Die Kanzlerin der Kriegsverlierer lässt sich von den Kriegsgewinnern als Friedengöttin feiern. Ist das nicht absurd? Kein Abstand, keine Demut, keine Seriosität - auch nicht gegenüber den Kriegsopfern. Und das kleine Ödipussi erzählt den ehemaligen Verbündeten, den versammelten Präsidenten der Welt und der Supermächte, erstmal wo es lang geht und wer die Nationalisten und Kriegstreiber sind. Derweil sprühen die Mirage-Jäger, die weiland Libyen bombardierten die Farben der Trikolore in den Himmel. Das ist doch schon ein Küsschen von der Prinzessin aus der Uckermark wert.  Was für ein schönes Bild! Schade nur, dass der Pleitier, der sein Land ohne innere Reformen sanieren will, es nur auf ihr, äh unser, Geld abgesehen hat.
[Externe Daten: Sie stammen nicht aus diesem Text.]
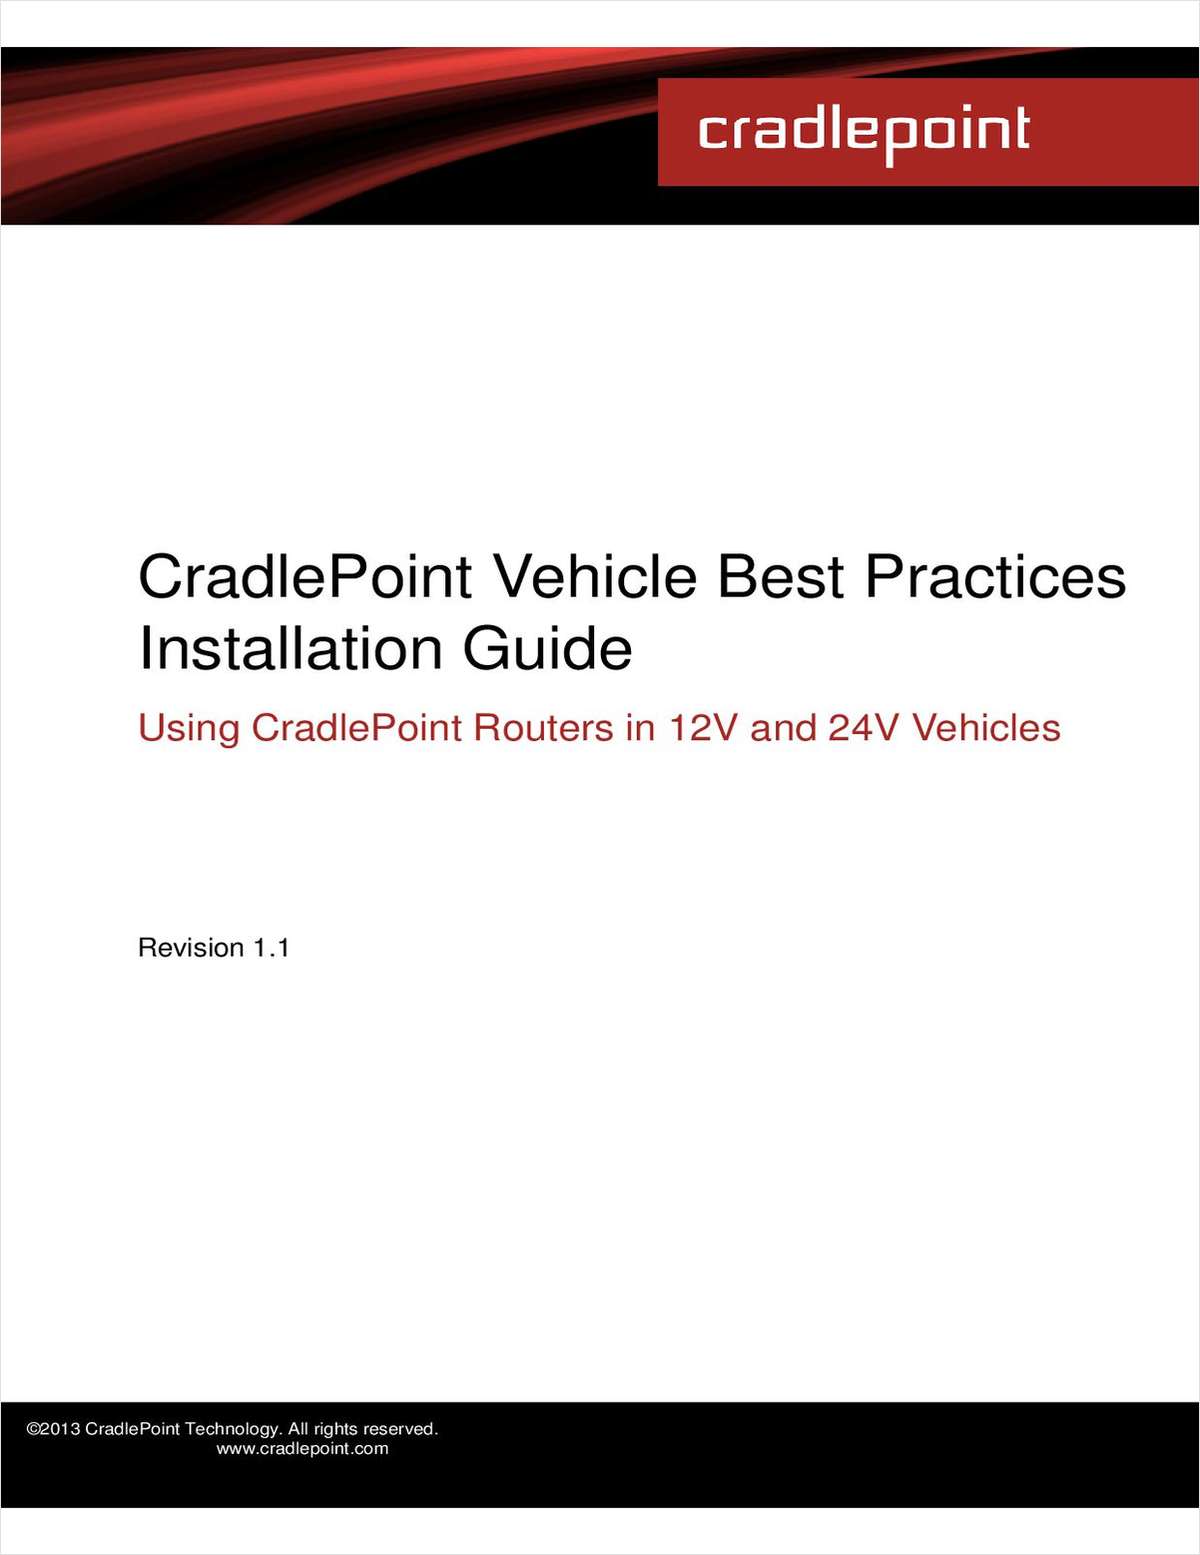 Vehicles Best Practices Installation Guide

Bei der Nummer waren wahrscheinlich sogar Trump und Putin platt und sprachlos. Trump hat noch nicht einmal getwittert - die Aufführung hat selbst ihn übermannt.  Die Bilder für die Geschichte, so die Systemmedien, wollen mir aber seitdem nicht aus dem Kopf gehen. Ist das wirklich alles wahr oder nur ein böser Traum? Wie konnte es soweit kommen? Was kommt als Nächstes? Ich will es gar nicht wissen.

Regina Horn / 12.11.2018

Macron hin oder her - aber da wir nun schon am Tratschen sind: Haben Sie die Eloge des Herrn Martin Walser im Spiegel über Merkels Schönheit gelesen? Ich dachte so von mir,  mich würfe nichts mehr so leicht um, aber diese extreme Speichelleckerei hat mir glatt die Schuhe ausgezogen. Einfach mal googlen und sich fragen - wer zwingt den Greis denn *dazu*?

M. Schneider / 12.11.2018

Ihrer Auffassung zu dem Bild kann ich nur zustimmen, ergänzend fällt mir dazu noch, dass das Bild bei mir den Eindruck erweckt, dass unsere Kanzlerin Nähe sucht, weil vielleicht sogar sie inzwischen realisiert hat, dass sie isoliert ist in Europa, sieht man einmal ab von Herrn Juncker und seinen Jüngern. Für sie kann Deutschland weiter als Zahlmeister wichtig sein.Ob sie nun mit ihrer bildlich so deutlichen Hinwendung zu Macron richtig liegt, darf bezweifelt werden, denn ihm schwimmen im eigenen Land sämtliche Felle davon, und deshalb braucht auch er Merkel und Deutschland dringend als Finanzgeber.